START Information provided

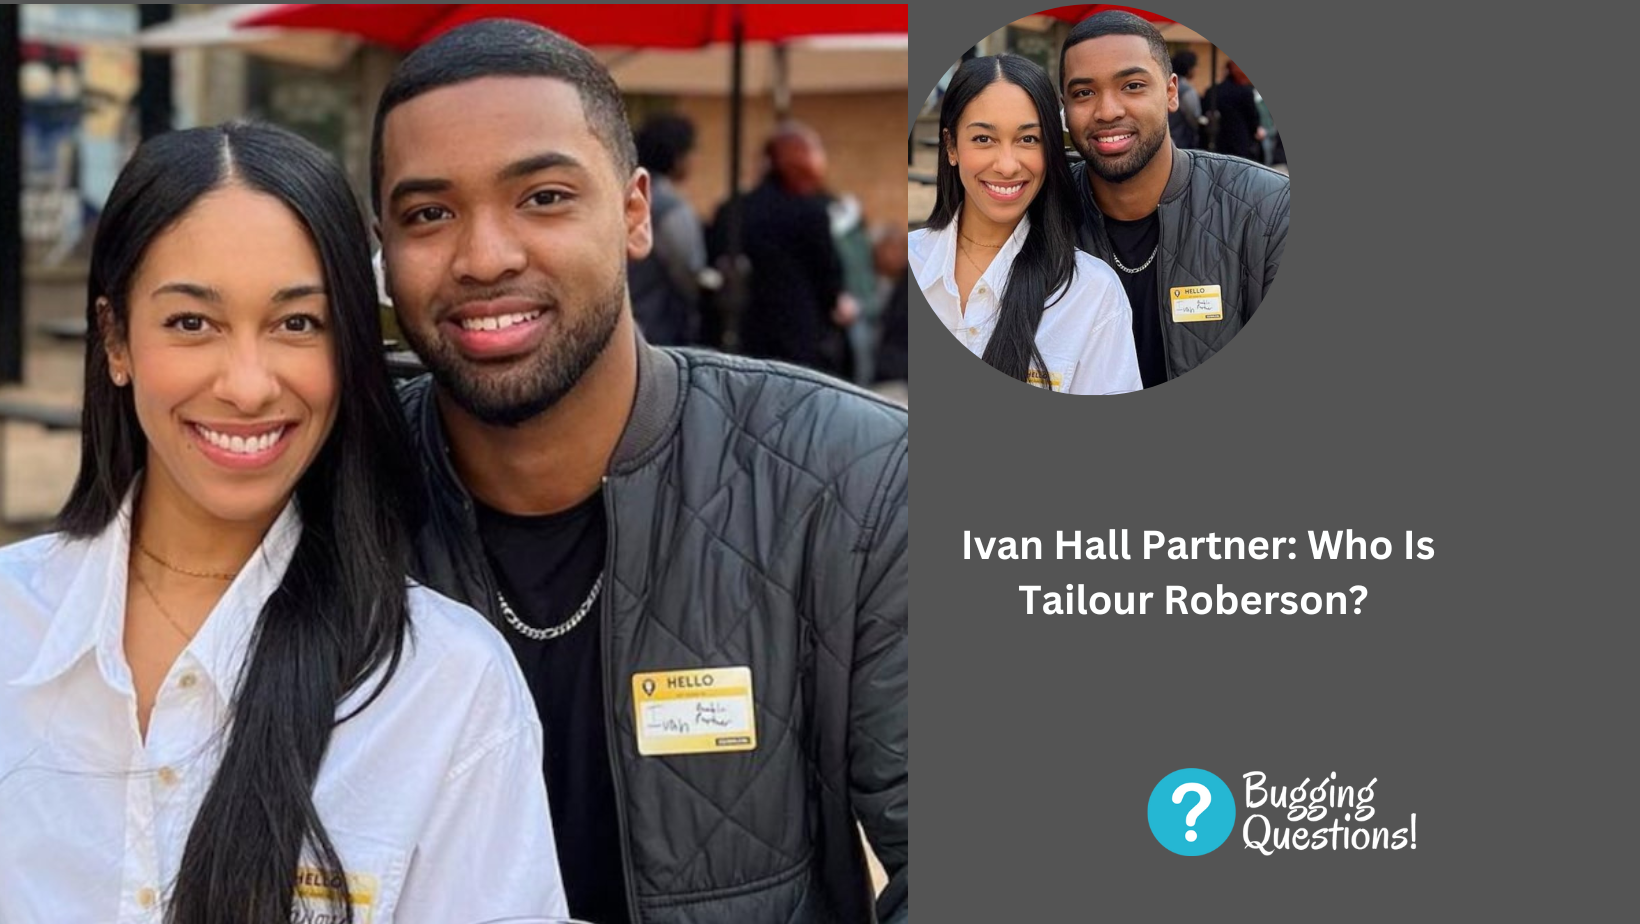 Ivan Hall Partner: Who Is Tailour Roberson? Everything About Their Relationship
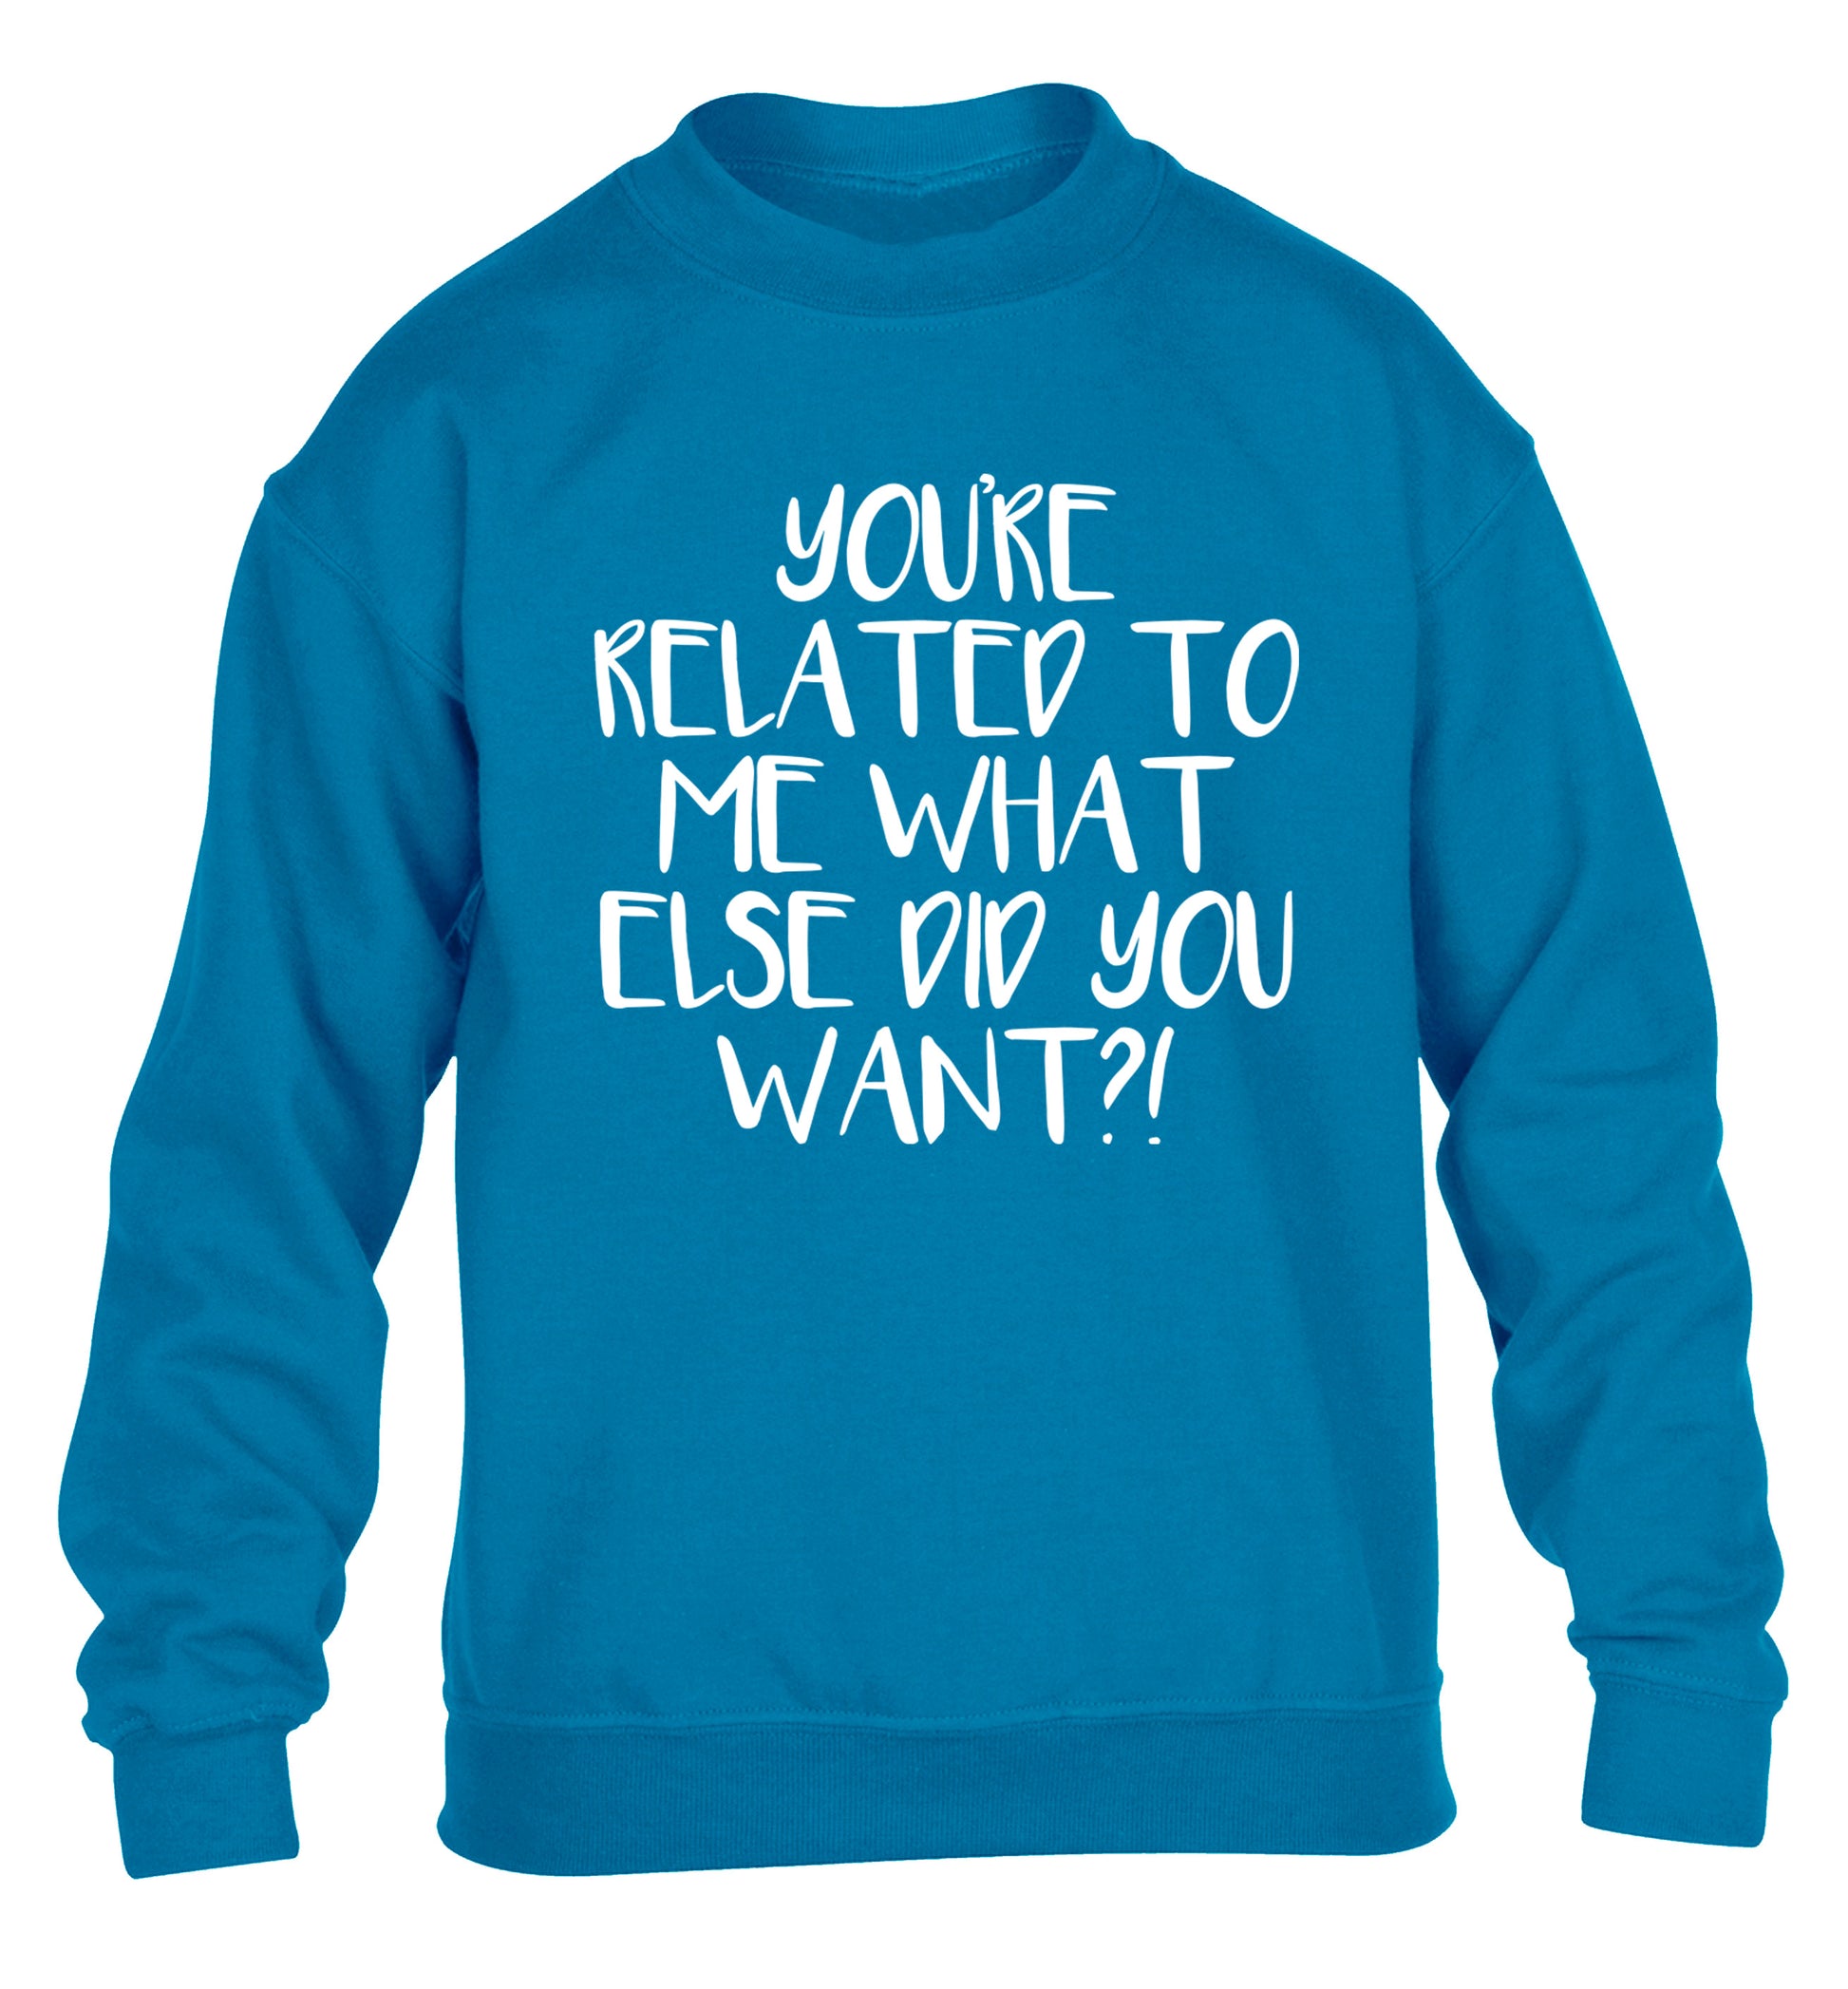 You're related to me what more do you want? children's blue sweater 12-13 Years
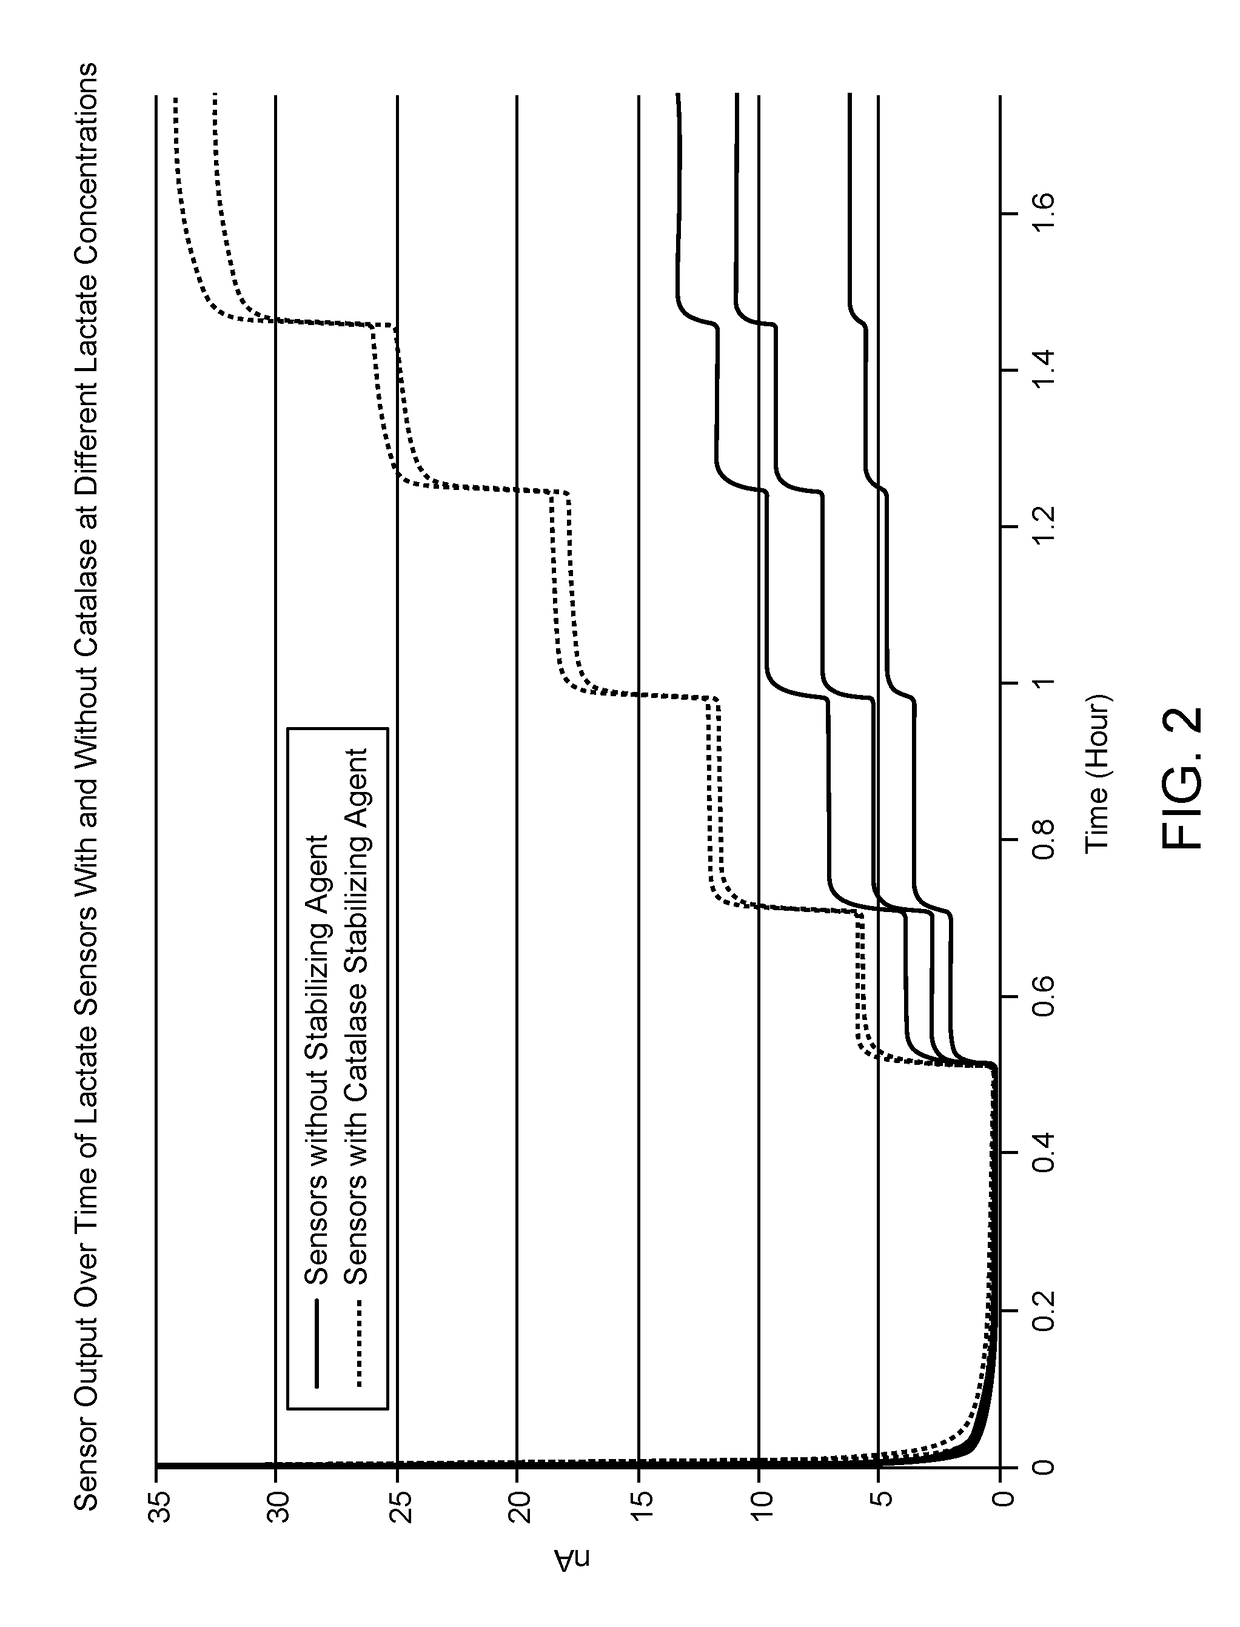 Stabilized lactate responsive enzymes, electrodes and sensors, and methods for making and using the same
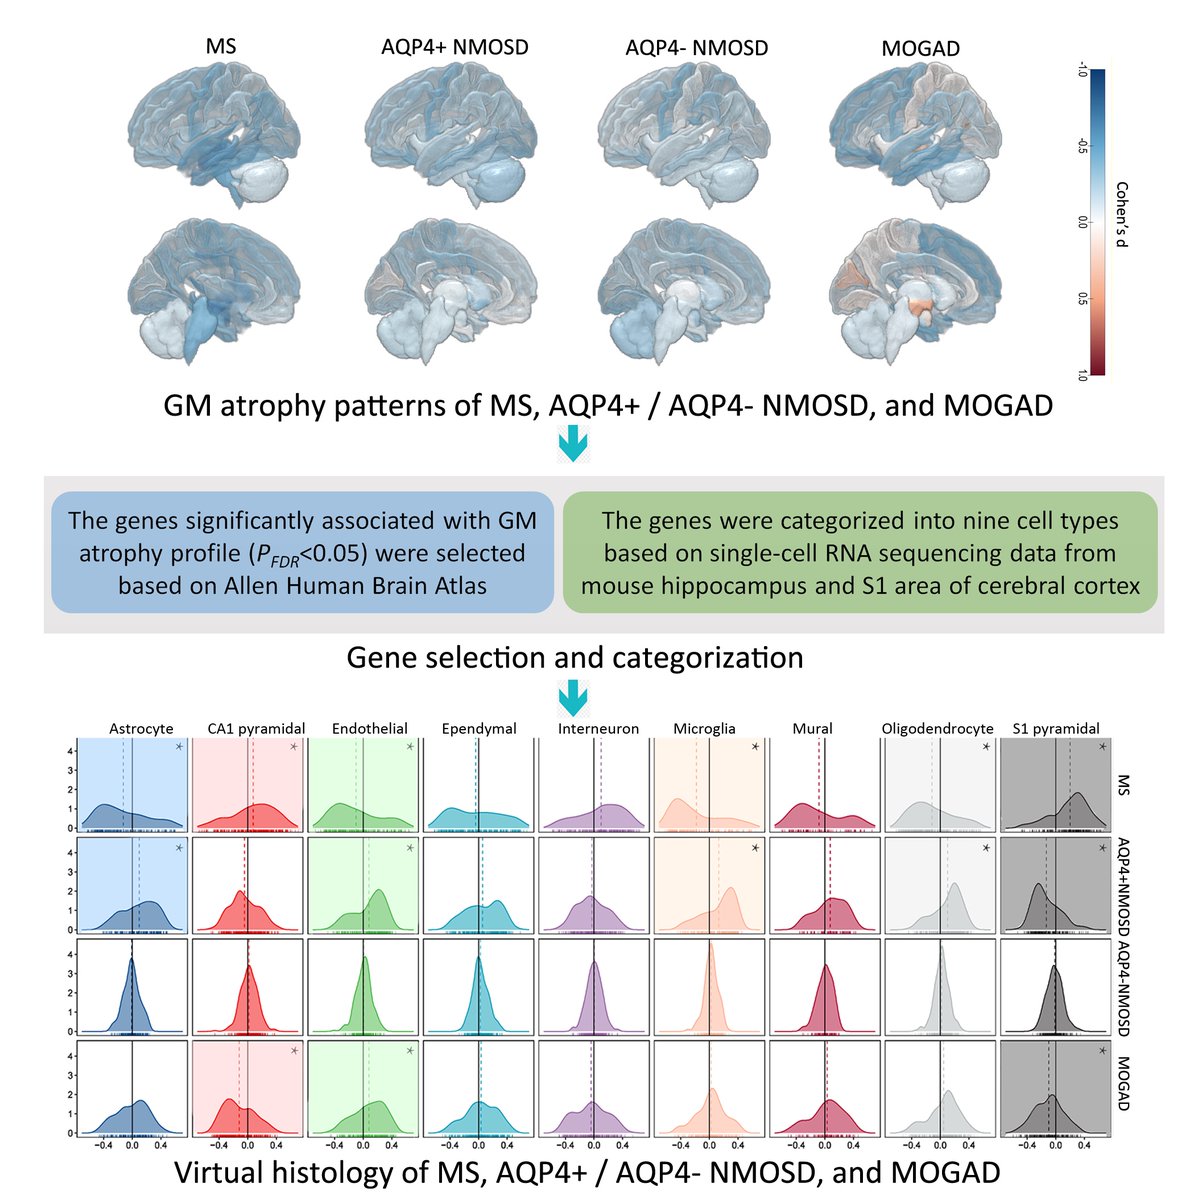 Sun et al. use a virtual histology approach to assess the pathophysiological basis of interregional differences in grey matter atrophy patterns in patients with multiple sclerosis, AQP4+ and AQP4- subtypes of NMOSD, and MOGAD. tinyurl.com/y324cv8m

END Information provided

Work order = Write the material out again exactly as it appears, dropping the pictures.

Task response =
 Ivan Hall Partner: Who Is Tailour Roberson? Everything About Their Relationship
 You're related to me what more do you want? children's blue sweater 12-13 Years
 Stabilized lactate responsive enzymes, electrodes and sensors, and methods for making and using the same
 Sun et al. use a virtual histology approach to assess the pathophysiological basis of interregional differences in grey matter atrophy patterns in patients with multiple sclerosis, AQP4+ and AQP4- subtypes of NMOSD, and MOGAD. tinyurl.com/y324cv8m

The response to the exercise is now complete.